En cuanto a la afectación del mínimo vital, ha de indicarse que razón le asiste al a quo cuando afirma que el interesado no demostró tal violación, de modo que no es posible llegar a amparar una prerrogativa constitucional cuya vulneración no se encuentra acreditada. 4.1. Contrario a lo dicho, lo que sí se encuentra demostrado, en virtud de la misma Resolución No. GNR 1853 del 5 de enero de 2017, es que el señor Jaime Castiblanco Barbosa actualmente tiene una pensión conmutada, de modo que sí posee algún ingreso dinerario que le permita subsistir, razón de más para descartar su reclamación de amparo. 5.
De ese modo, viable resulta asegurar que no es entonces la acción de tutela el escenario indicado para que el recurrente plantee la discusión que ha traído ante el juez constitucional, debiendo, en consecuencia, acudir a la jurisdicción laboral o contencioso administrativa para que por conducto de sus acciones ordinarias, se resuelva la litis acá planteada.

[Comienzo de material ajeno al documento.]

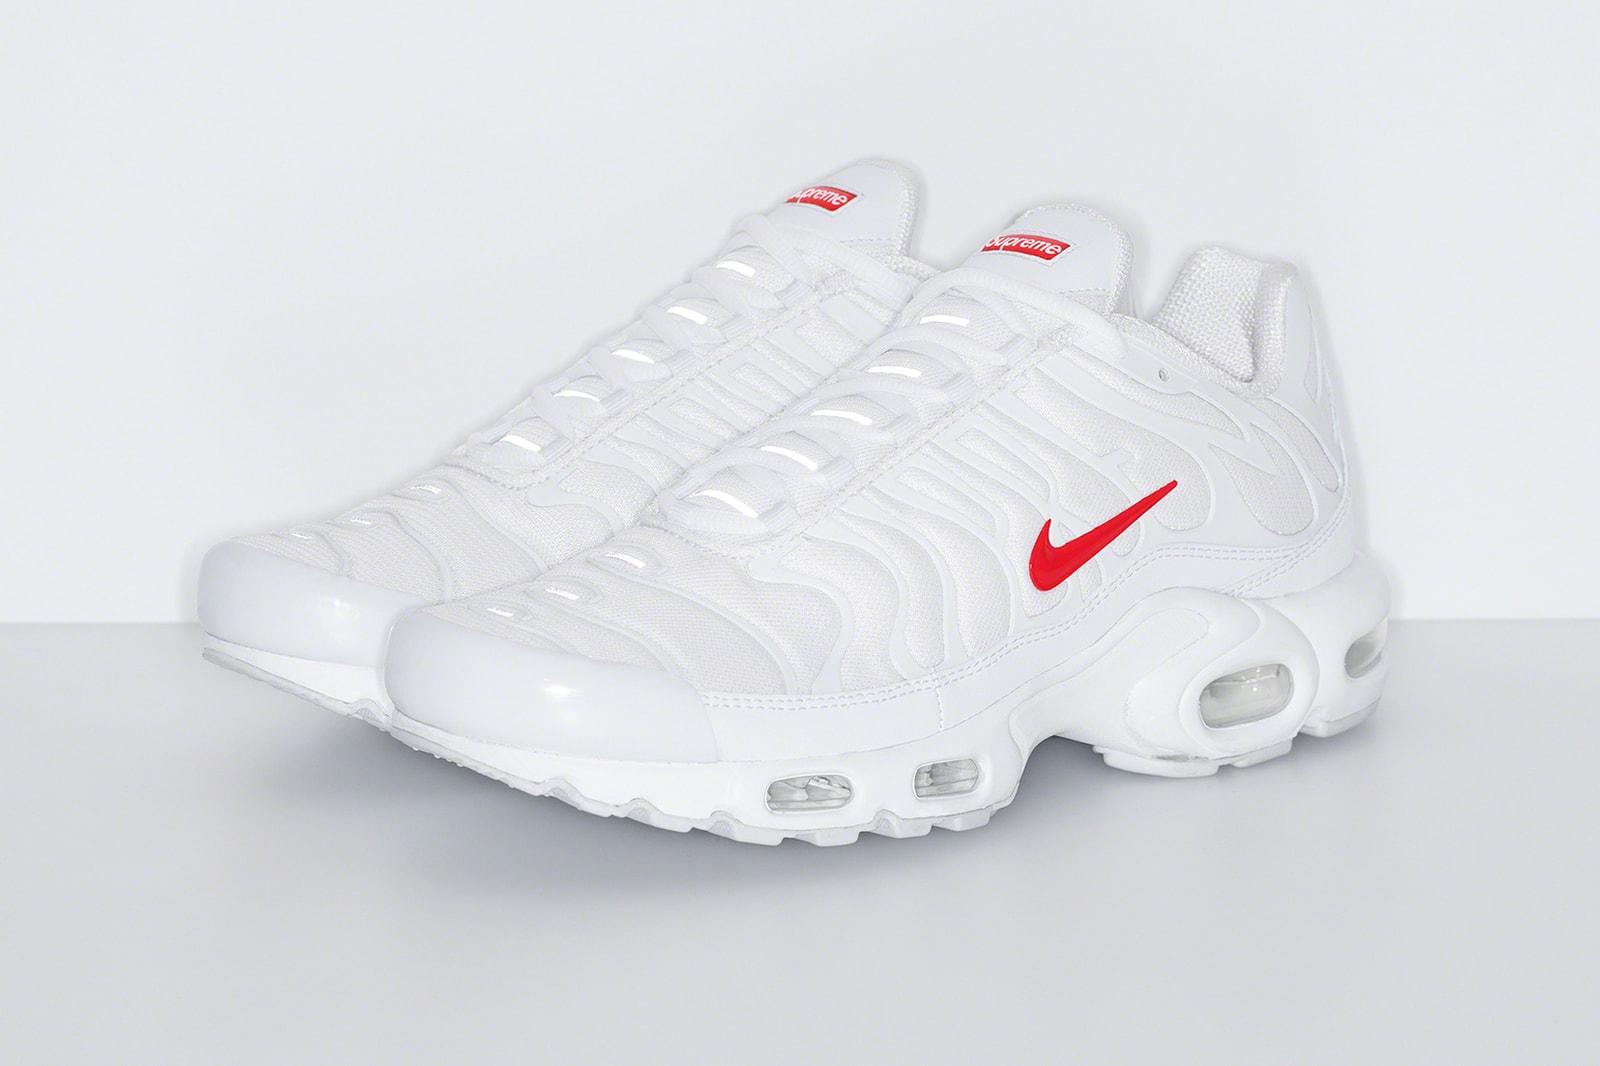 Supreme x Nike Air Max Plus 2020 秋冬系列聯名鞋款正式發佈

Son las anteriores razones las que llevan a la Sala a confirmar la sentencia impugnada. La Corte Suprema de Justicia, Sala de Casación Penal, en Sala de Decisión en Tutela, administrando justicia en nombre de la República y por autoridad de la Ley,
RESUELVE
Primero.- Confirmar el fallo recurrido. Segundo.-
NOTIFÍQUESE de conformidad con lo dispuesto por el Decreto 2591 de 1991. Tercero.- Remítanse las diligencias a la Corte Constitucional para su eventual revisión.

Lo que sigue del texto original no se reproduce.